The Theory of Evolution
Charles Darwin’s Theory of evolution states that all life on the planet develops according to a particular pattern. First and foremost, all living creatures differ in a variety of ways, ranging from their bodies to specific features (‘variation’). Furthermore, all living things find themselves in an environment where only those individuals with the most useful traits survive (‘natural selection’, also referred to as ‘survival of the fittest’). Those creatures that survive pass their traits onto their young (‘heredity’), and as result, life on Earth differs with every following generation.

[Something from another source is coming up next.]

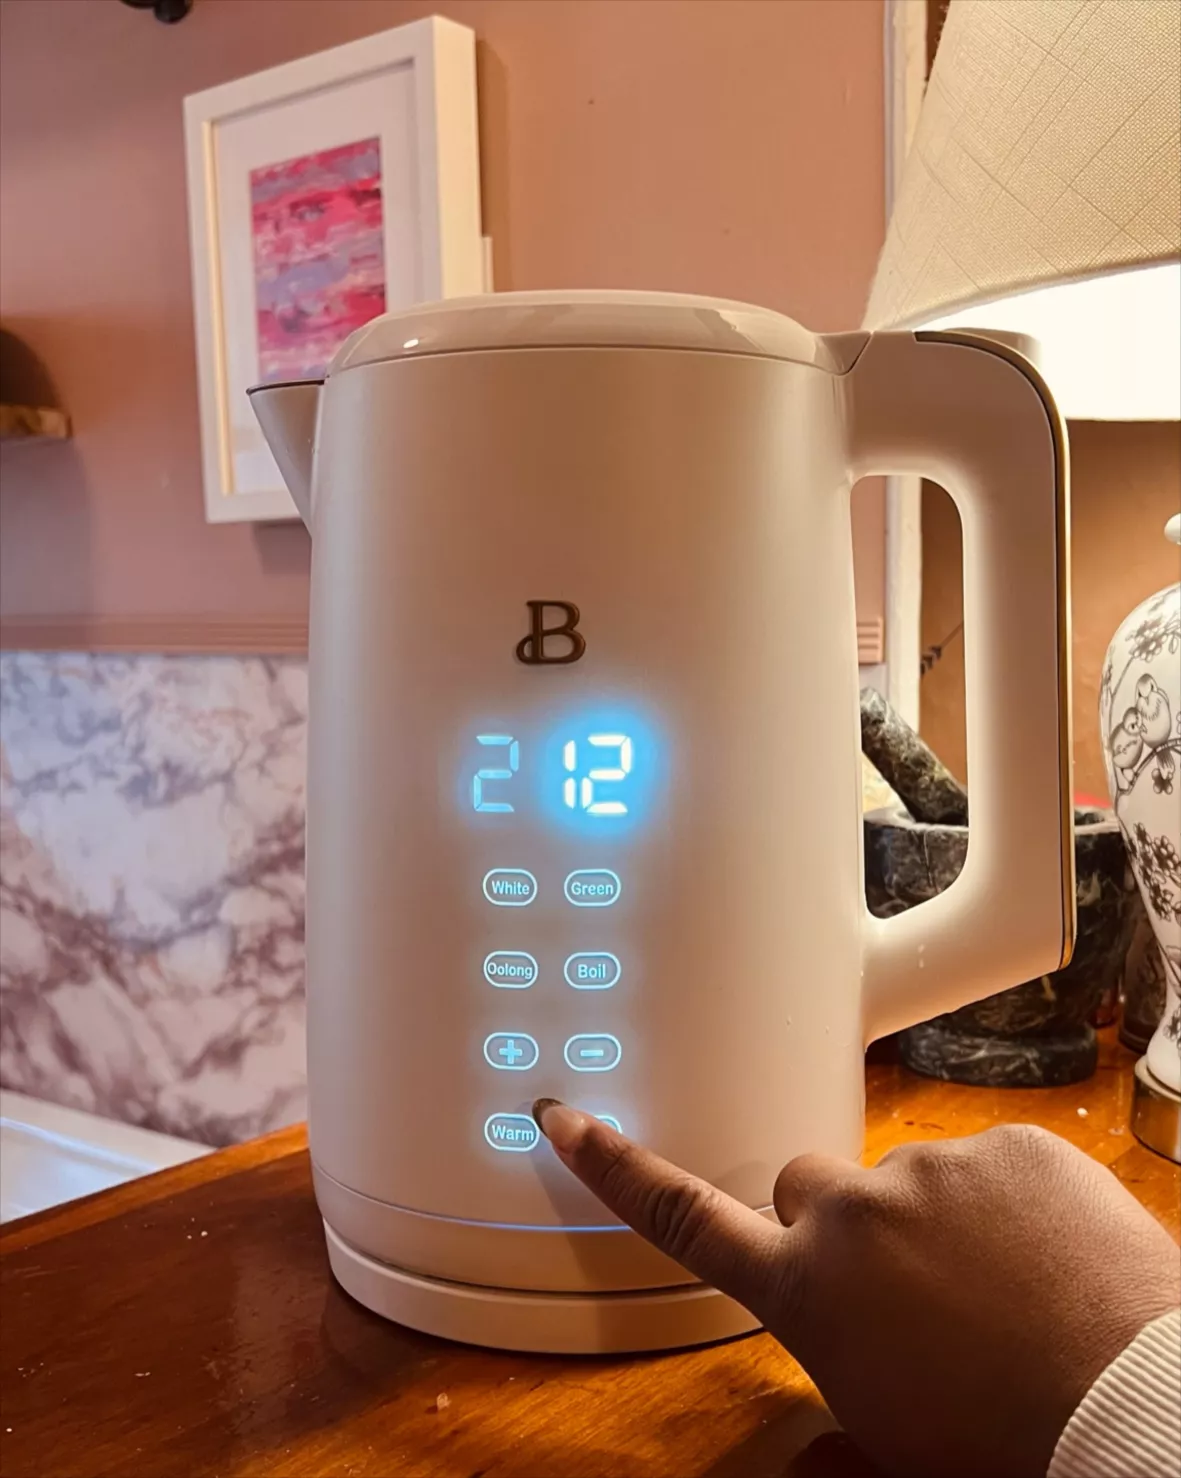 Beautiful 1.7 Liter One-Touch Electric Kettle, by Drew Barrymore (Black  Sesame)

It is obviously not the case that only living creatures share these three properties of variation, natural selection and heredity. You could also apply them to elements of culture. Take for instance, language. We constantly make up new words (variation) that spread from person to person (heredity). However, only the words that actually have the right traits, because they are perhaps quite funny or are easy to use, are the words that become popular (natural selection). A word is therefore a nice example of a ‘meme’: an element or part of culture that spreads according to the laws of evolution.
Memes on the Internet
Memes that we find online, are not exactly the same as the memes that Richard Dawkins introduced in his book. The big difference, according to Dawkins, is that memes on the web are made intentionally by people. This means that variation doesn’t happen randomly, which is the case by genes.
But is this correct? Usually people don’t really know whether or not a meme is going to be funny in the cyber community. The majority of jokes online are incredibly far-fetched (or ‘random’).
It’s definitely true that many online users feel strongly about needing to be heard. Almost everyone has tried to create a funny image or pun (i.e. wordplay or double meaning), and sometimes the joke is a hit and goes viral. So, was that really the point? Of course! But by the time the creator has realized how popular their meme has become, they’ve already lost the battle against evolution.